Would you repeat the listing exactly but omit every picture?
BEGIN Data shown
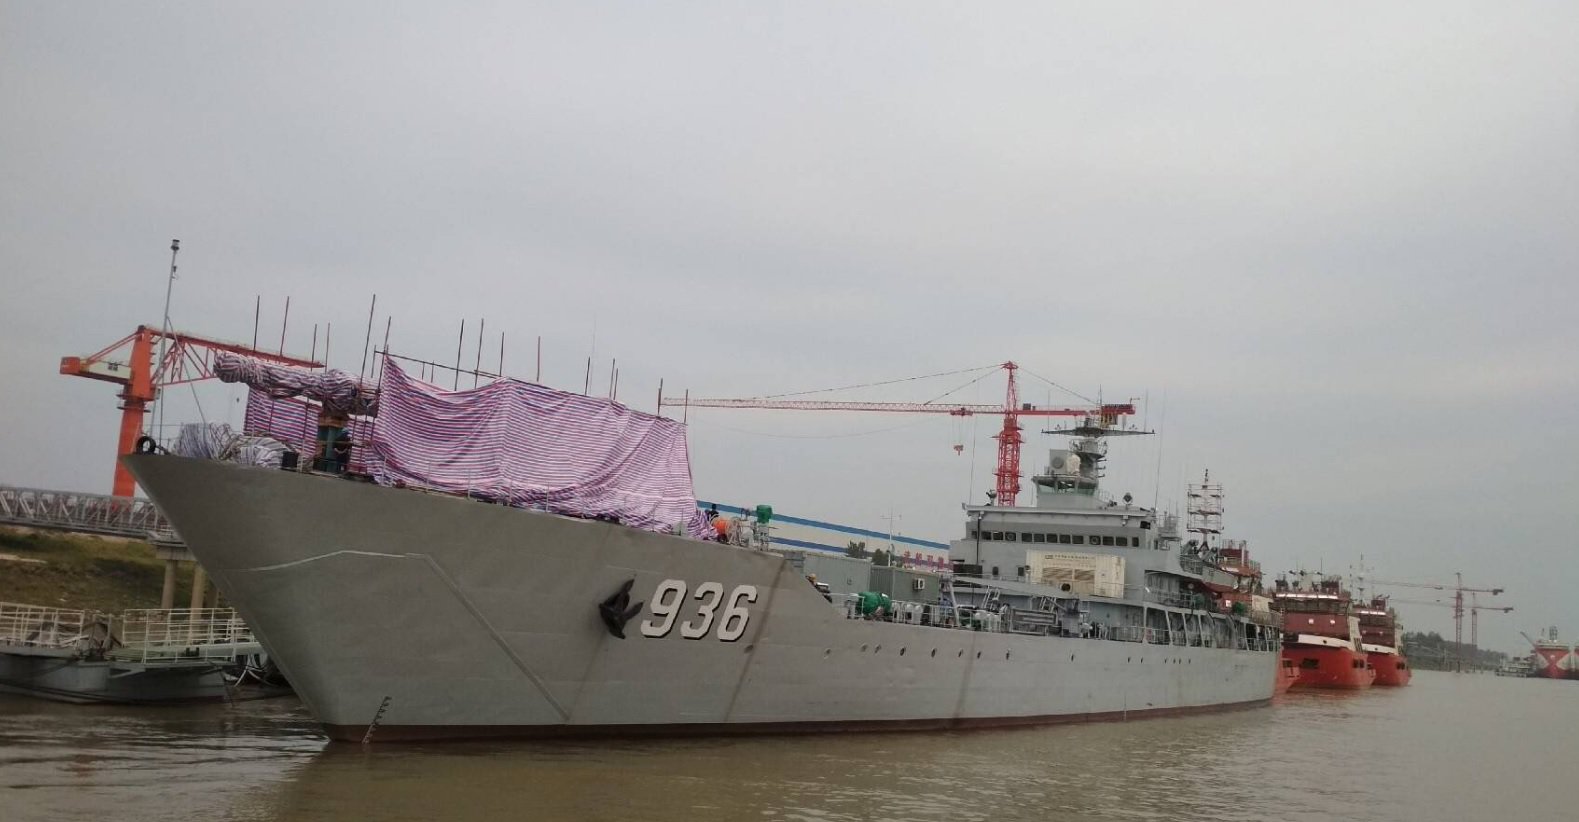 Chiny przygotowuje się do morskich badań railgun
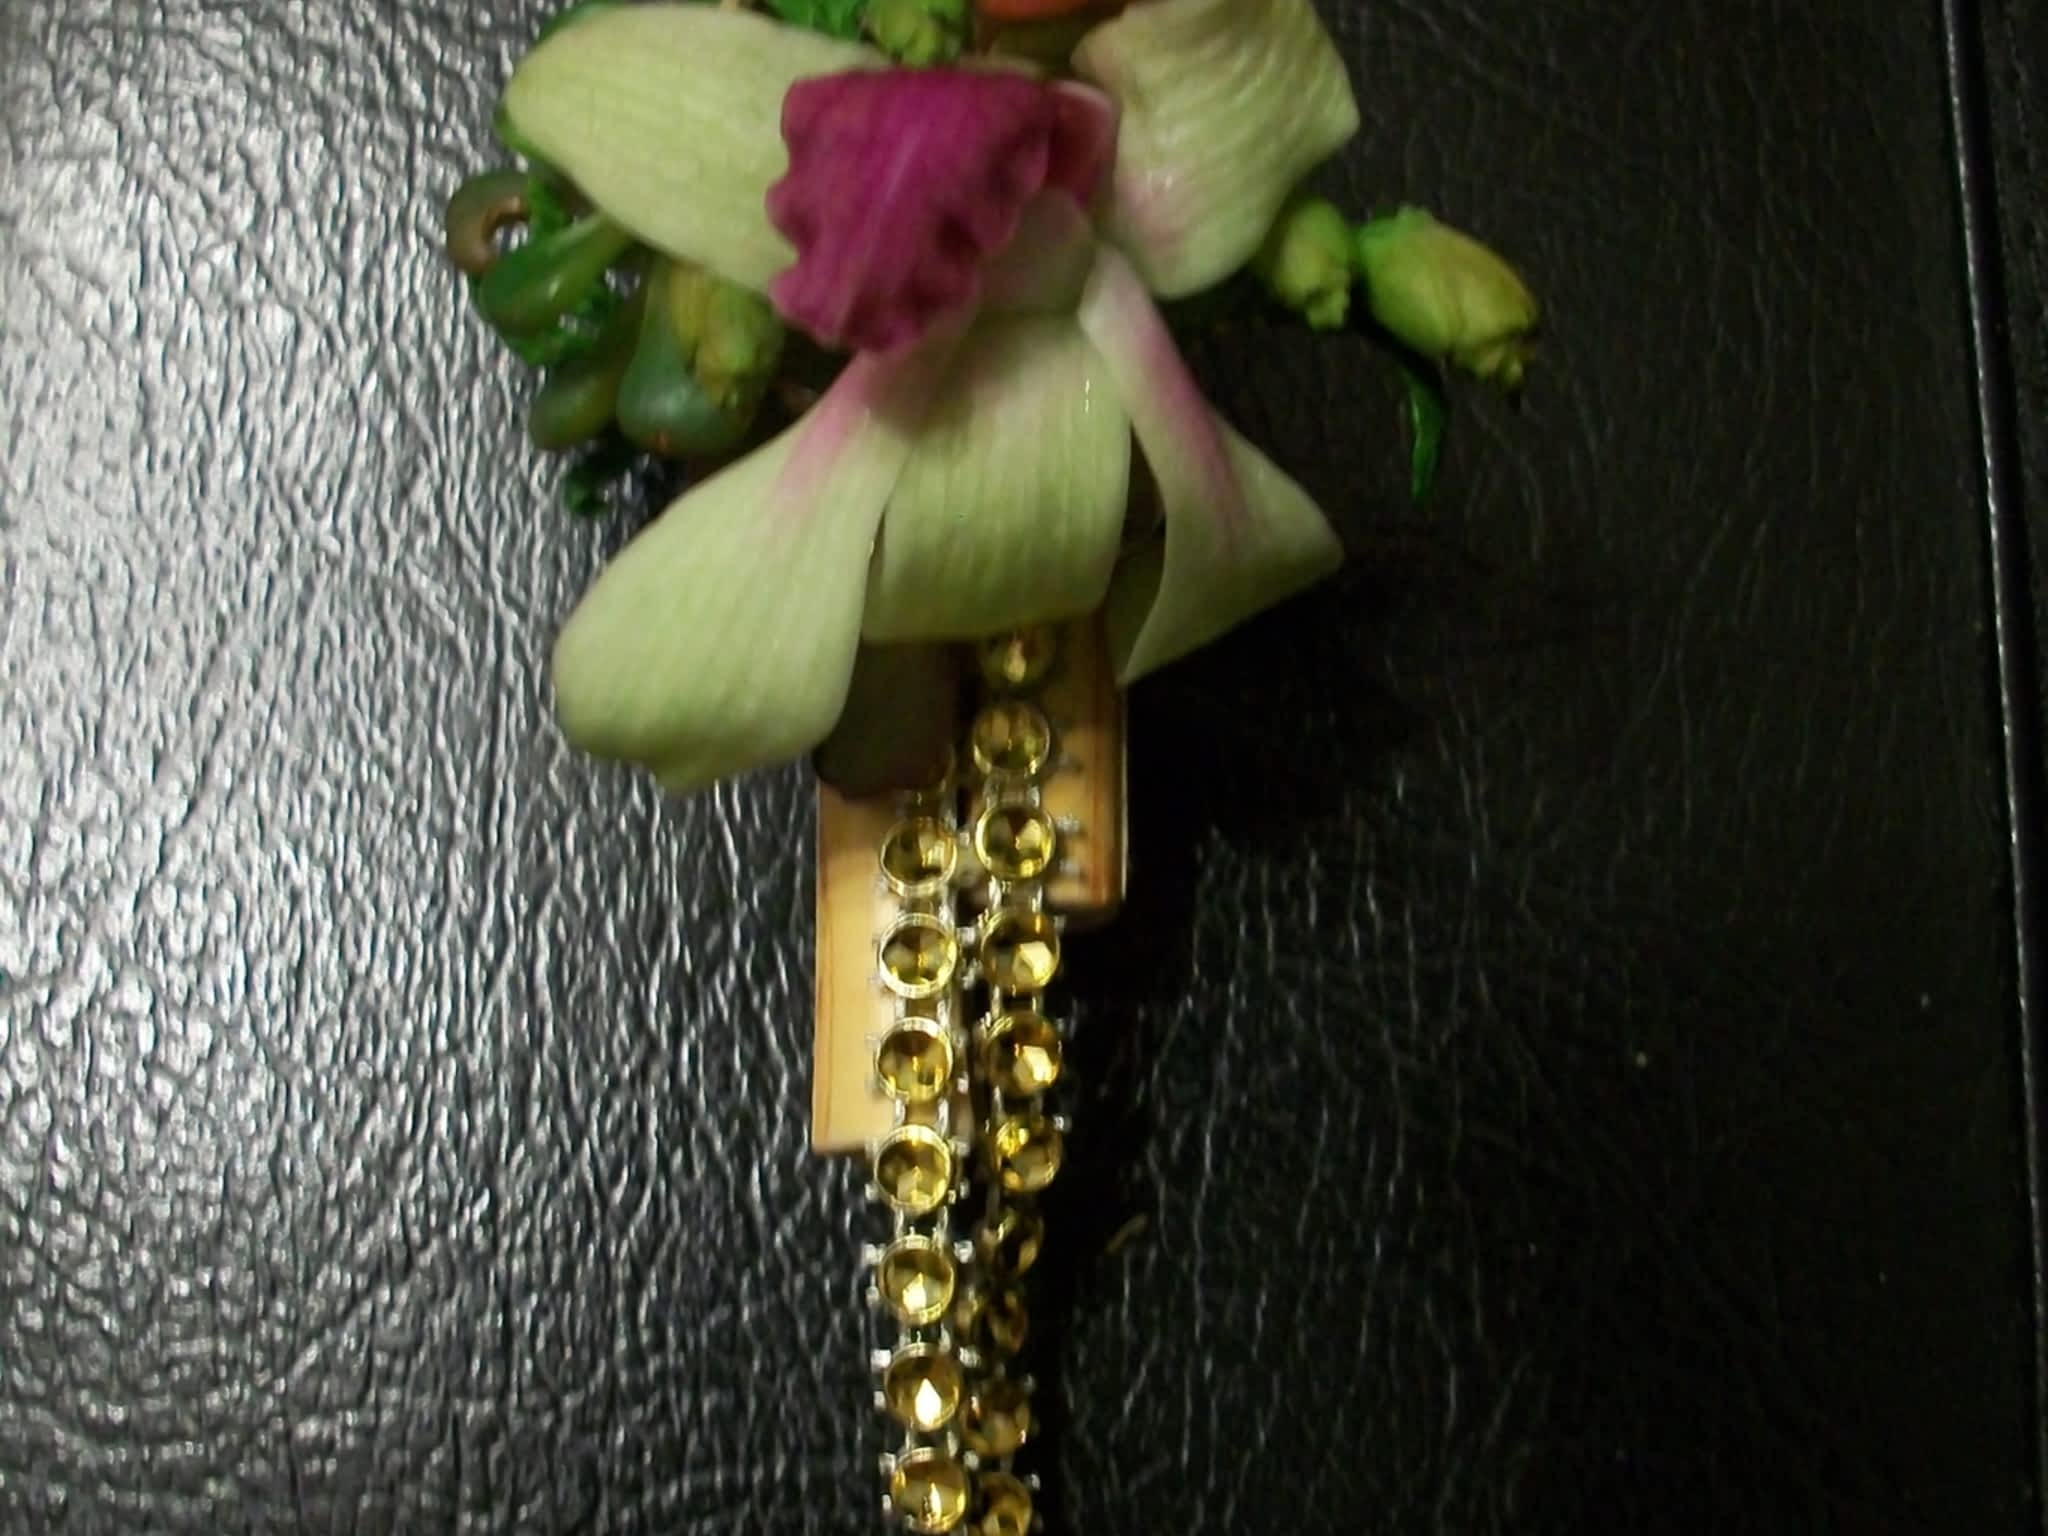 photo Malgosia's Flower Adornments
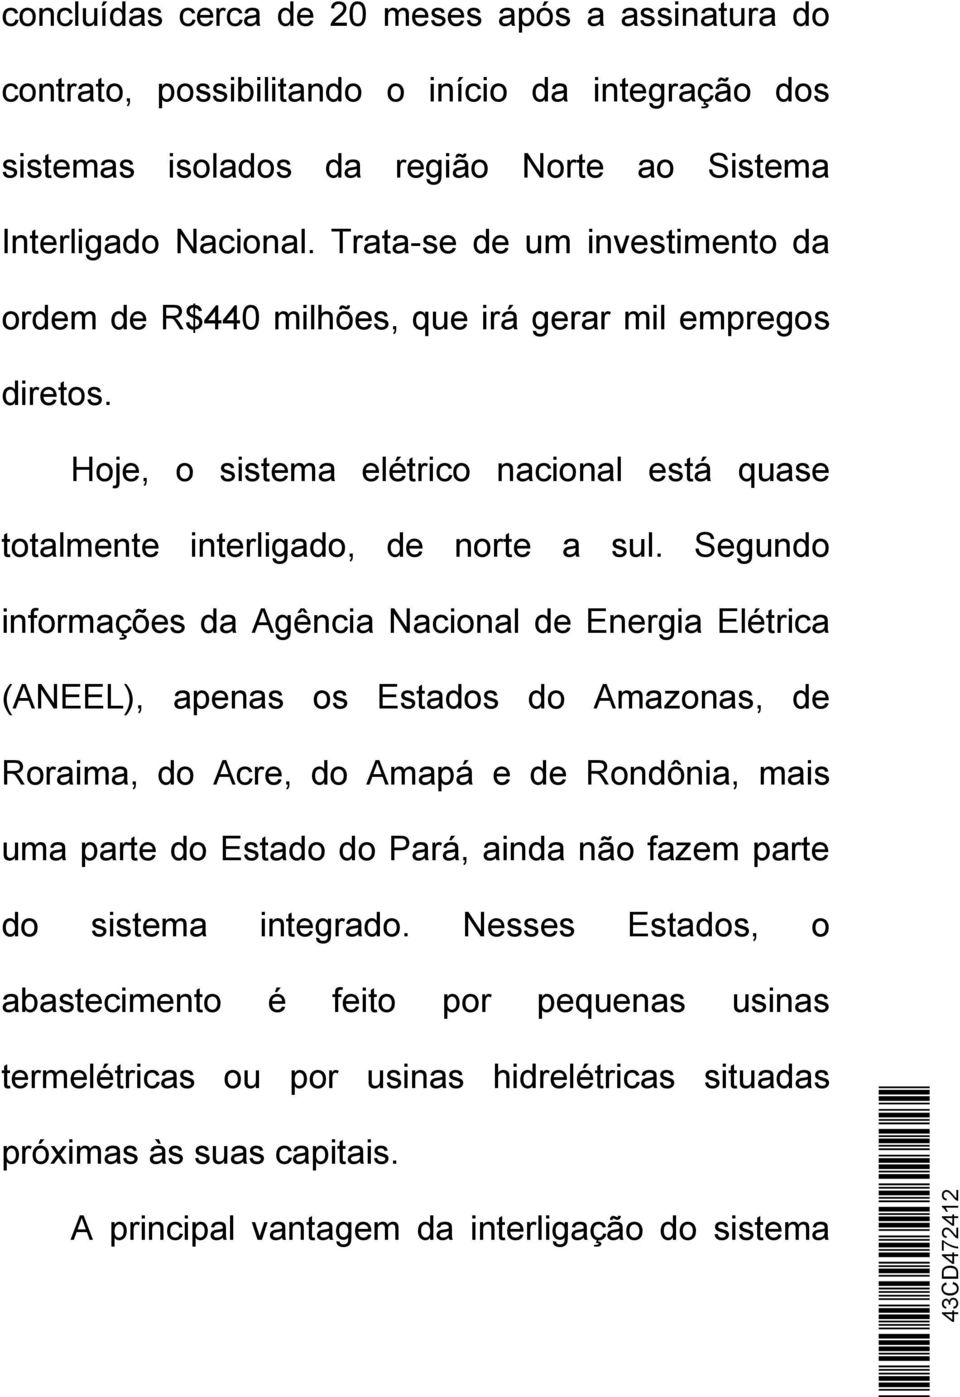 Segundo informações da Agência Nacional de Energia Elétrica (ANEEL), apenas os Estados do Amazonas, de Roraima, do Acre, do Amapá e de Rondônia, mais uma parte do Estado do Pará, ainda não
END Data shown
[Exercise result]
 Chiny przygotowuje się do morskich badań railgun
 photo Malgosia's Flower Adornments
 Segundo informações da Agência Nacional de Energia Elétrica (ANEEL), apenas os Estados do Amazonas, de Roraima, do Acre, do Amapá e de Rondônia, mais uma parte do Estado do Pará, ainda não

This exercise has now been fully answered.